Because it’s a rigorous and demanding job, it’s critical to understand what’s expected upfront. Learning about the requirements, including education and common duties, along with the earning potential can help you better decide if this is the right career for you. 

What is a home health aide?

Home health aides are health care workers trained to provide basic care to people who are unable to care for themselves. In fact, roughly eight out of 10 people who need long-term care can get it right at home with the care of a home health aide [1]. The role you play may help your clients stay at home and out of facilities longer. Some of the main tasks you’ll complete center around activities of daily living (ADL), which include things like eating, bathing, and dressing. You’ll also check their vital signs, and monitor their physical and psychological well-being.

Who do home health aides help?

Home health aides can help people of all ages, including the elderly. You may also help people with disabilities or chronic illnesses by providing specialized personal care services in the comfort of their homes.

Why are home health aides important?

Home health aides help people remain independent for as long as possible. You will provide assistance with daily activities that many people take for granted. Having a home health aide can also reduce stress and worry for family members and friends who are helping with care for patients.

What is a typical job description for a home health aide?

Helping your clients is at the heart of all of the tasks and duties you’ll perform during your career as a home health aide.
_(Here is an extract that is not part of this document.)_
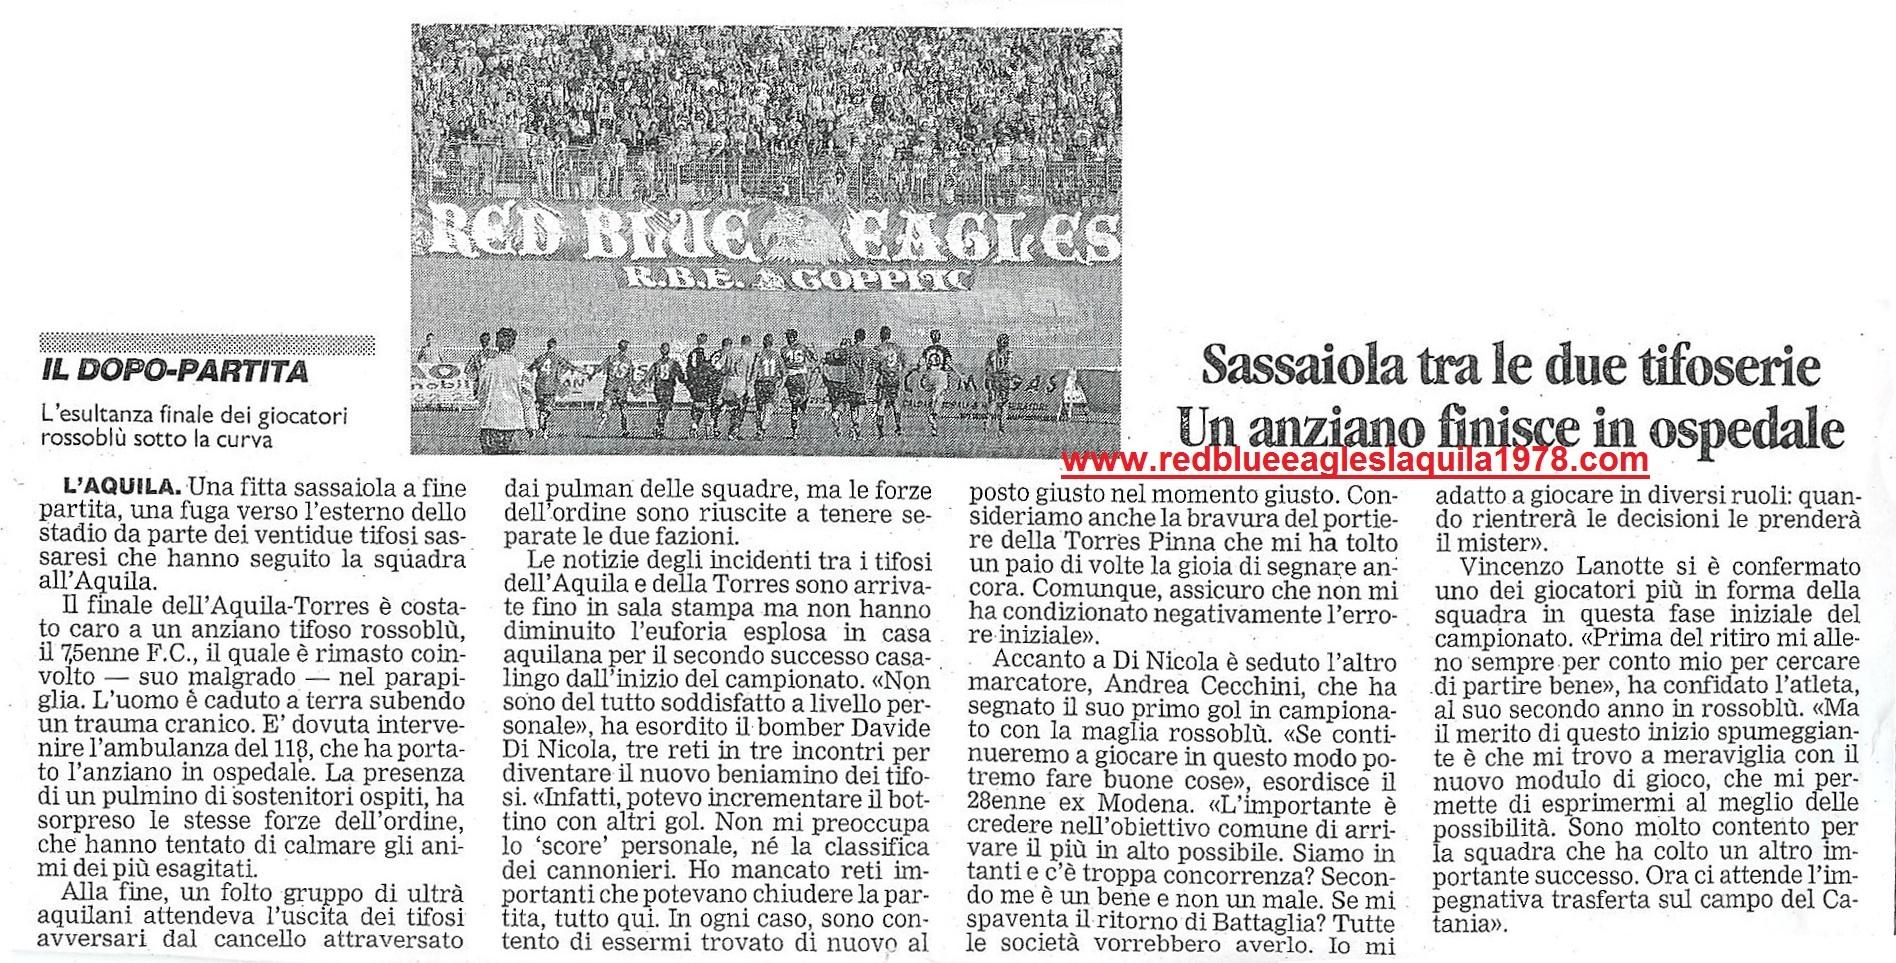 Sassaiola contro i tifosi ospiti in L'Aquila-Torres 17 Settembre 2000 serie C1

Understanding everything that’s involved is an essential part of evaluating if this is the right job to pursue and if your strengths, skills, and interests align with what’s expected. 

Assist with activities of daily living

Part of your job as a home health aide is to provide assistance to patients who are not able to perform basic tasks of daily living on their own. Bathing, dressing, feeding, and grooming assistance fall under your duties as a home health aide. In addition, a home health aide may help with household chores, such as laundry and light cleaning, shopping, and meal preparation. Depending on the needs of your patient, you may also provide transportation to medical appointments or social events.

Check health vital signs

You will monitor the condition of the patient by taking regular blood pressure readings, checking pulse, respiration, and temperature. As a home health care aide, you may also be responsible for scheduling routine doctor appointments for the patient.

Monitor clients physical and mental wellbeing

In addition to physical care, you provide companionship and social interaction to elderly, disabled, or chronically ill patients, who are often isolated in their own homes. You track a patient's level of cognitive function and report to family members or other caregivers. Changes in behavior are also reported immediately to ensure that suitable treatment is provided when needed.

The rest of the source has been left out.